What you say says something about you.
A while back, a female colleague I am friendly with commented on the “shiny” jacket that I was wearing. Not long after that, an older, male colleague remarked on the fur-trimmed sweater I wore to work one day.
Because I genuinely like these two co-workers, I laughed off their comments, but the disparagement stung. These were people I enjoyed chatting with and sharing the occasional lunch with, so their negative comments about what I was wearing crossed the line of friendly banter to careless disregard of a colleague’s feelings.
When I thought about their appearances, I wondered why they believed it was okay to criticize my appearance. I could easily turn it around: Her hair? A perpetual mess. His daily winter wardrobe guffaw? A leather fedora better suited to Indiana Jones than an office worker.
Years earlier while working in the training department of a pharmacy software company, I demonstrated uncharacteristic grace when a co-worker dissed the shoes I was wearing.
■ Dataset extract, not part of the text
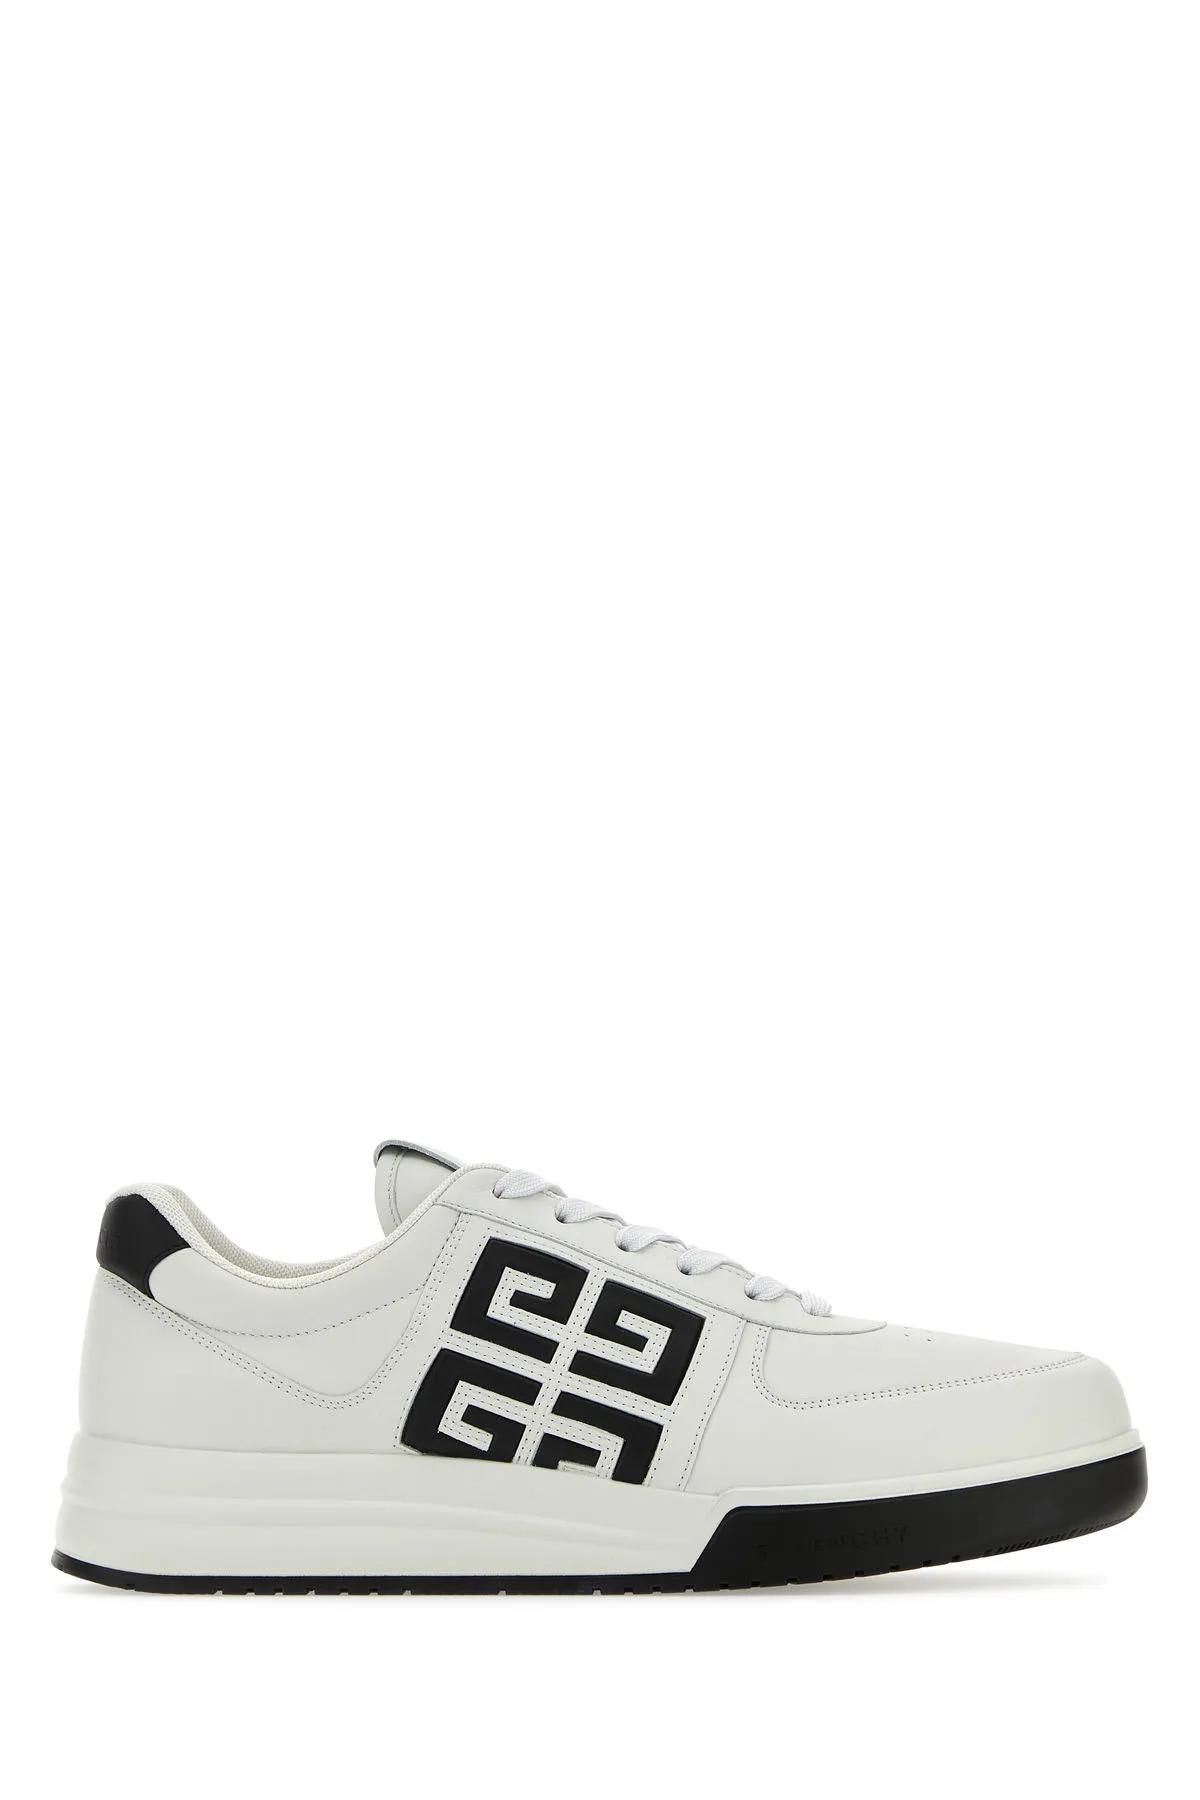 Givenchy Two-tone Leather G4 Sneakers In White

In the morning rush, I’d forgotten to change out of my driving shoes—pricey, but well-worn, brown, leather shoes—into my indoor shoes—inexpensive, sensible, black, dress shoes. As I walked past a younger co-worker, she stared at my feet and said to me that she would NEVER, EVER wear brown shoes with black pants.
It feels good to take the high road, but saying nothing in response was my way of indicating her foolishness. I can be petty, too.
What’s more the contradiction was not lost on me. I had noticed her wardrobe, too.
I’d said nothing when she squeezed her flat ass into an aging pair of grey, dress pants one-size too small. I’d said nothing to her when she wore what appeared to be her favourite cardigan, based on its high, weekly, wardrobe rotation, pilled from one too many wash cycles and beyond ready for retirement. And I’d said nothing to her about the skirt she wore that was an unflattering cut for her body type. For sure, she oblivious to her own fashion blunders, but not mine.
Who has not committed a fashion faux pas? We all do.
We are all guilty of crimes against fashion. Some of us are repeat offenders, some are accomplices, but why say anything at all?
Second guessing a person’s clothing choices is irrelevant to the person wearing the clothes you don’t approve of, but being vocal about it is indicative of who you are as a person.